Friday, May 27 2022

Vulnerabilities found in widely used network switches could allow attackers to bypass security features such as network segmentation to gain access to critical systems

PALO ALTO, Calif., May 3, 2022 /PRNewswire/ — armisthe leading unified asset visibility and security platform, today announced the disclosure of five critical vulnerabilities, known as TLStorm 2.0, in the implementation of TLS communications in several models of network switches. The vulnerabilities stem from a similar design flaw identified in the TLStorm vulnerabilities (discovered earlier this year by Armis), extending TLStorm’s reach to millions of additional enterprise-grade network infrastructure devices.

In March 2022, Armis first disclosed TLStorm, three critical vulnerabilities in APC Smart-UPS devices. The vulnerabilities allow an attacker to take control of Smart-UPS devices from the Internet without user interaction, causing the UPS to overload and eventually destroy itself in a cloud of smoke. The root cause of these vulnerabilities was improper use of NanoSSL, a popular TLS library from Mocana. Using the Armis Knowledge Base, a database of over two billion assets, our researchers identified dozens of devices using the Mocana NanoSSL library. The results include not only APC Smart-UPS devices, but also two popular network switch vendors that are affected by a similar library implementation flaw. While network UPSs and switches differ in their function and levels of trust within the network, the underlying issues of TLS implementation have devastating consequences.

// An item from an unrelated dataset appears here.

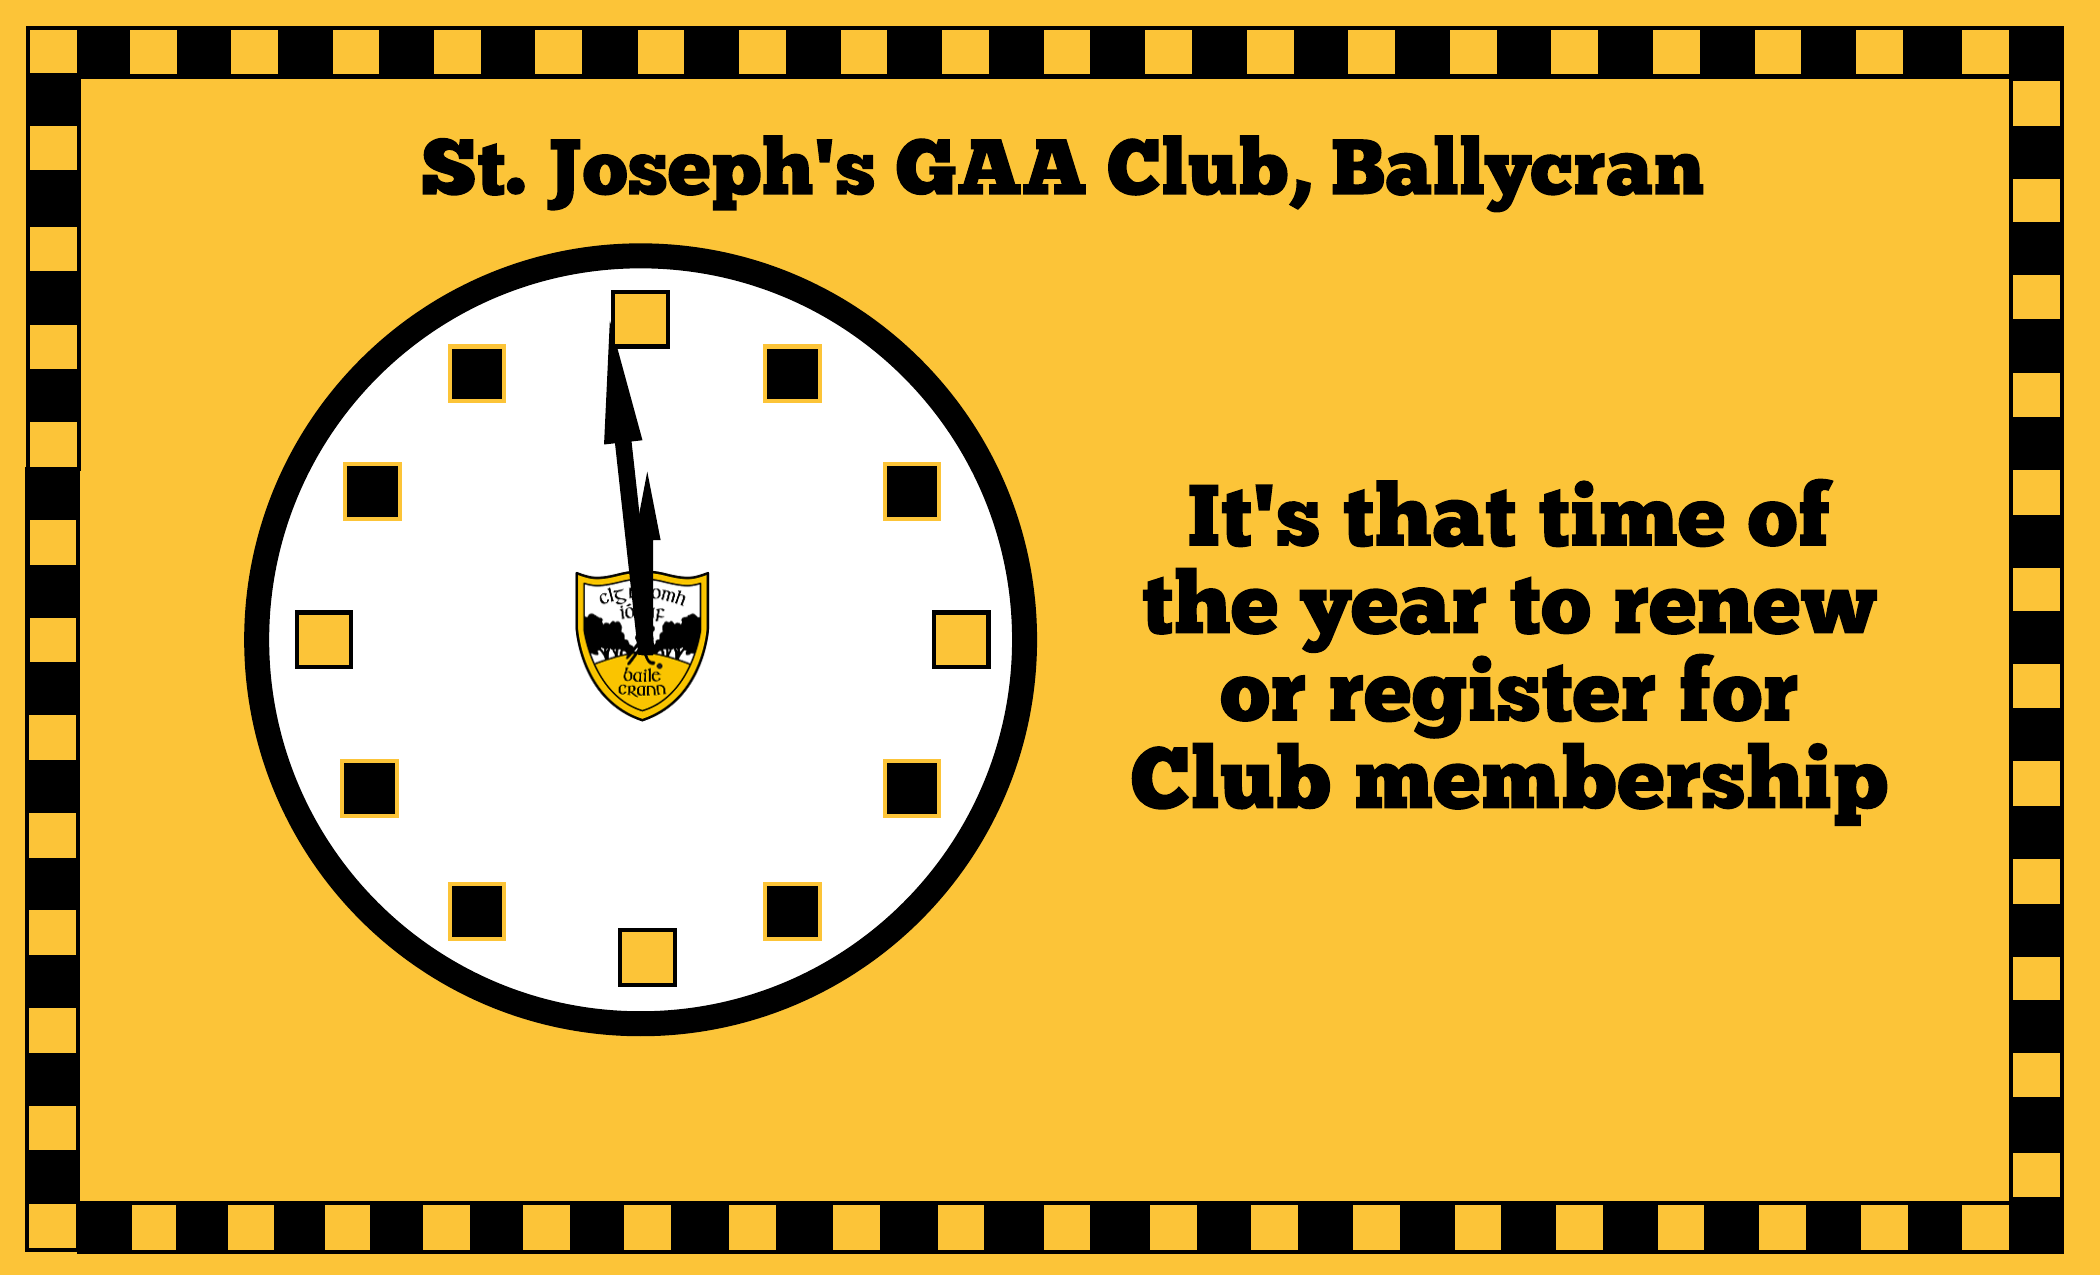 Membership renewal is upon us once again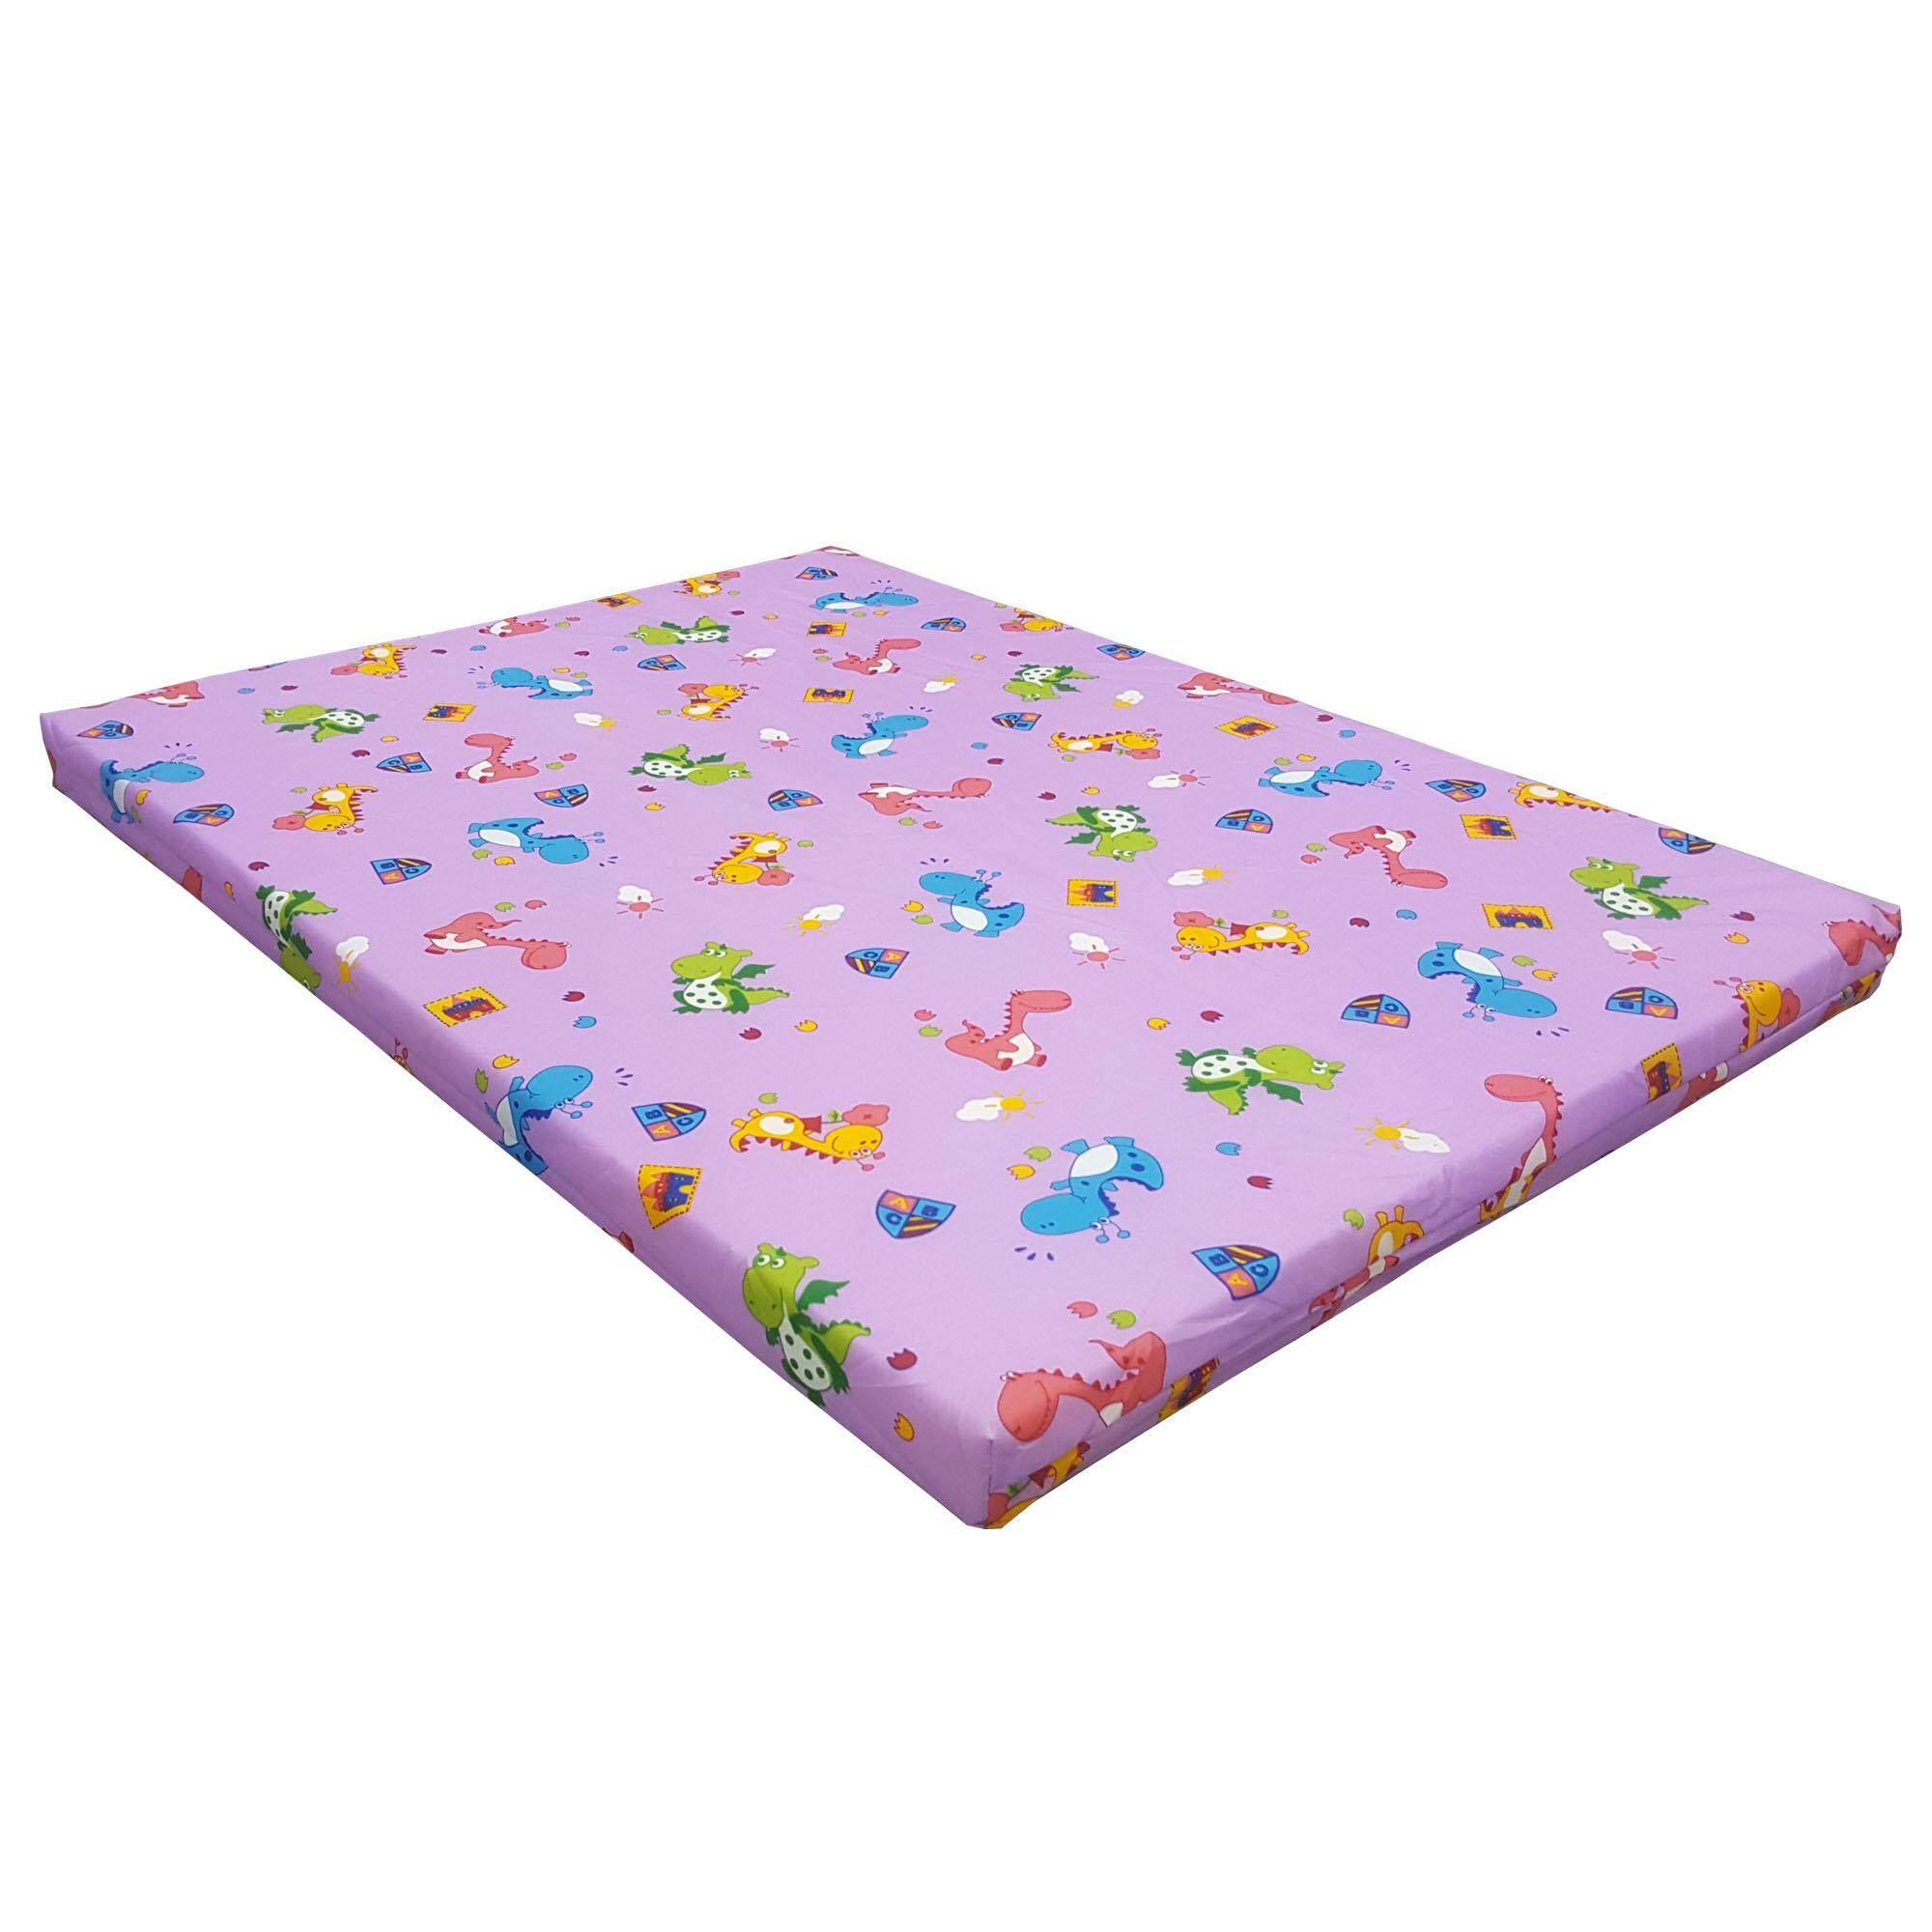 Features Comfy Baby Purotex Playpen Topper Cover 71 X 104 3cm Dan Memory Foam Bolster Mattress 71cm 101cm Pg Dp

New TLStorm 2.0 research exposes vulnerabilities that could allow an attacker to take full control of network switches used in airports, hospitals, hotels and other organizations around the world. The suppliers concerned are Aruba (acquired by HPE) and Avaya Networking (acquired by ExtremeNetworks). We found that both vendors have switches vulnerable to Remote Code Execution (RCE) vulnerabilities that can be exploited on the network, resulting in:

  • Breaking network segmentation, allowing lateral movement to additional devices by changing switch behavior
  • Data exfiltration of corporate network traffic or sensitive information from the internal network to the Internet
  • Captive Portal Escape

These research findings are important because they highlight that the network infrastructure itself is at risk and exploitable by attackers, which means that network segmentation alone is no longer sufficient as a security measure.

“Research at Armis is driven by a simple goal: to identify emerging security threats to provide our customers with continuous, real-time protection,” said Barack Hadad, Head of Research, Armis. “The set of TLStorm vulnerabilities is a prime example of asset threats that were previously not visible to most security solutions, showing that network segmentation is no longer sufficient mitigation and proactive monitoring network is critical. Armis researchers will continue to explore assets across all environments to ensure that our knowledge base of over two billion assets shares the latest threat mitigations with all of our partners. and customers.”

Captive portals

A captive portal is the web page displayed to newly connected users of a Wi-Fi or wired network before they are granted wider access to network resources. Captive portals are commonly used to present a login page that may require authentication, payment, or other valid credentials that both host and user agree on. Captive portals provide access to a wide range of mobile and pedestrian broadband services, including wired and commercial Wi-Fi and home hotspots, as well as corporate or residential wired networks, such as resorts. apartments, hotel rooms and business centers.

Using the TLStorm 2.0 vulnerabilities, an attacker can abuse the captive portal and achieve remote code execution on the Switch without the need for authentication. Once the attacker has control of the switch, they can completely disable the captive portal and move laterally into the corporate network.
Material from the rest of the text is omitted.